Here in Phuket – where I moved in 1988 as the opening general manager for Amanpuri, Aman’s first-ever resort – we have seen as many as 60,000 job losses in the hotel sector alone, and it’s a similar story on other island destinations around the world.
More than four months have passed with no local infections on Phuket. Yet passenger arrivals have plunged and there are no imminent signs of recovery, despite the country opening up to domestic air travel and guests from Bangkok becoming our “weekend warriors”.

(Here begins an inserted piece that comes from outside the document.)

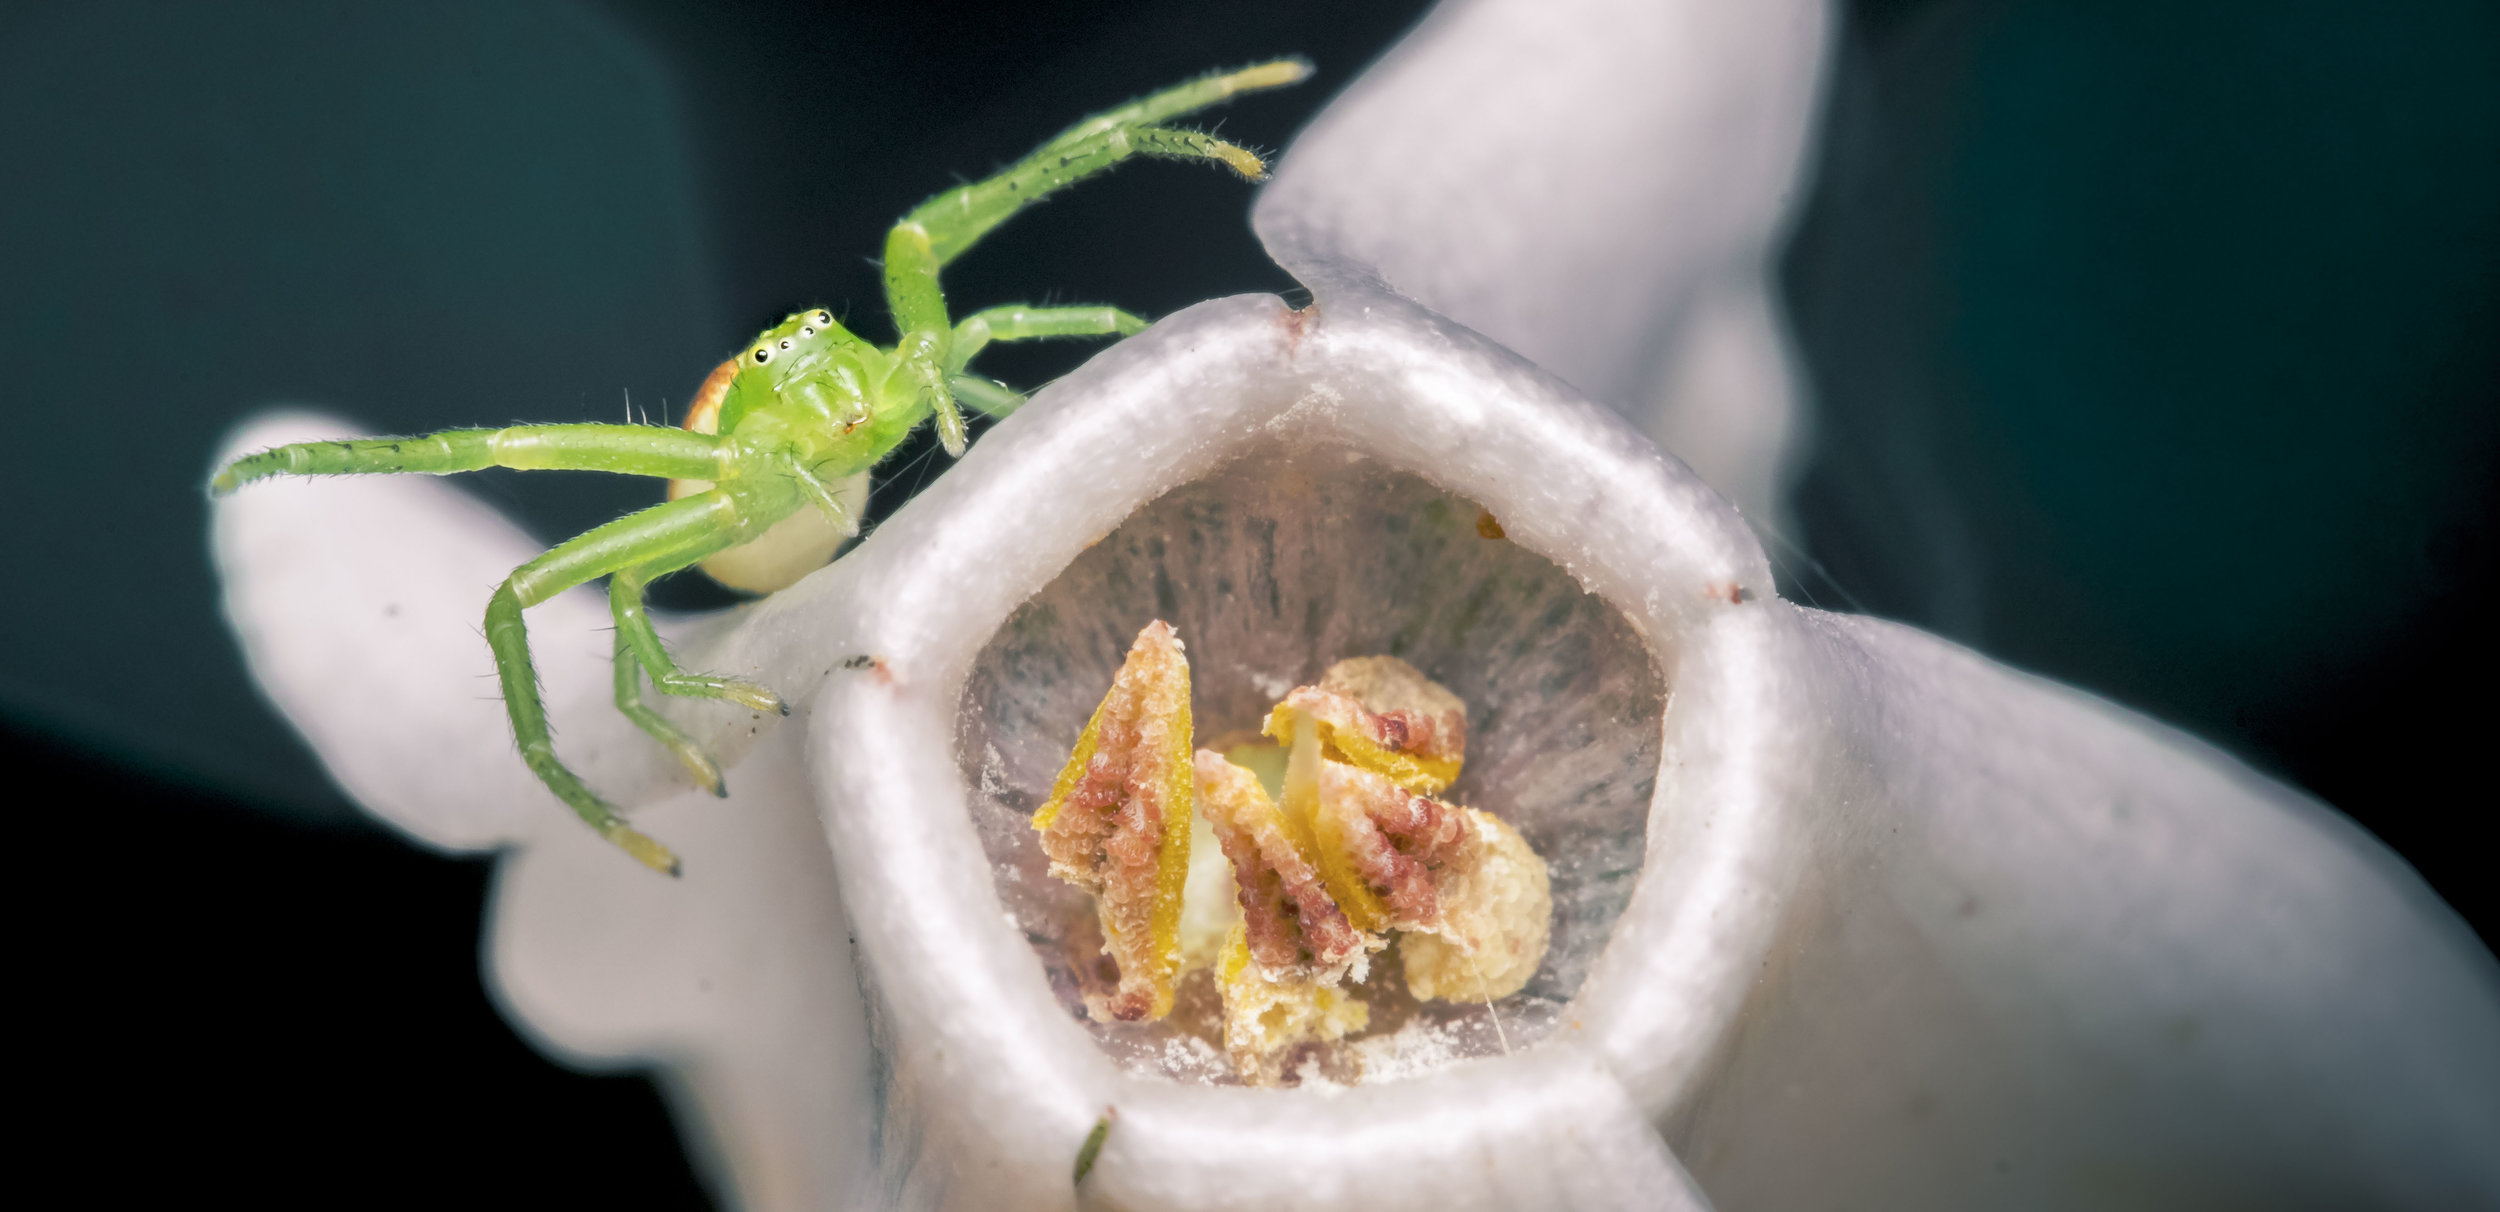 GREEN CRAB SPIDER Diaea dorsata1.jpg

Thailand – the first country to detect the coronavirus outside China – deserves high praise for its decisive actions in late March that successfully stopped the spread of Covid-19. But by closing the tourist-friendly kingdom to all non-resident foreigners, the country’s leading resort island now finds itself at an inflexion point. Local demand cannot stem the dramatic losses on Phuket with its 86,000 registered hotel rooms, nor reverse the rapidly escalating financial and social crisis across Thailand, where the World Bank estimates tourism accounts for 15 per cent of GDP.
What I know – from leading Amanpuri through the 1997 Asian financial crisis, then helping create and operate Trisara resort for 20 years through SARS and the 2004’s Boxing Day tsunami – is that we cannot continue to stand still indefinitely and we need to get safely back to business.
From the very earliest days at Amanresorts, the founder Adrian Zecha schooled his general managers to personally engage with every guest as though they were friends in our own homes. These relaxed, informal conversations led guests to feel more relaxed and trust that the entire experience wasn’t purely transactional.
I learned that ours is a business built on meaningful human connections, and as we emerge from this Covid-19 crisis, creating even more exceptional and surprising moments will be even more important as travellers start to move again in 2021.
Now as president of the Phuket Hotels Association, I work with our 78 members to prepare for the inevitable return of international arrivals. After several aborted plans, the Thai government is currently discussing ‘green bridges’ that may allow entry to foreigners from countries or regions with little or no Covid-19 infections, hopefully from countries such as New Zealand, Singapore, Taiwan as well as parts of China and Australia.
As we face these hurdles in the race towards a new normal, I believe those of us in this incredibly complex business of making people happy should consider a more compassionate and thoughtful guest-centric approach to policies.
Whether or not the Thai government’s trial run to relaunch tourism works – and I hope it does – it’s going to be a buyer’s market for years as we already had an oversupply of hotel rooms in many areas.
With this in mind, I propose we offer a new Guest Bill of Rights.
Our industry’s humble beginnings offer valuable lessons for any hotel’s future success. What was not optional for a medieval innkeeper should guide the 21st-century hotelier: buy local, being supportive of our local communities, engagement with and protection of the local environment.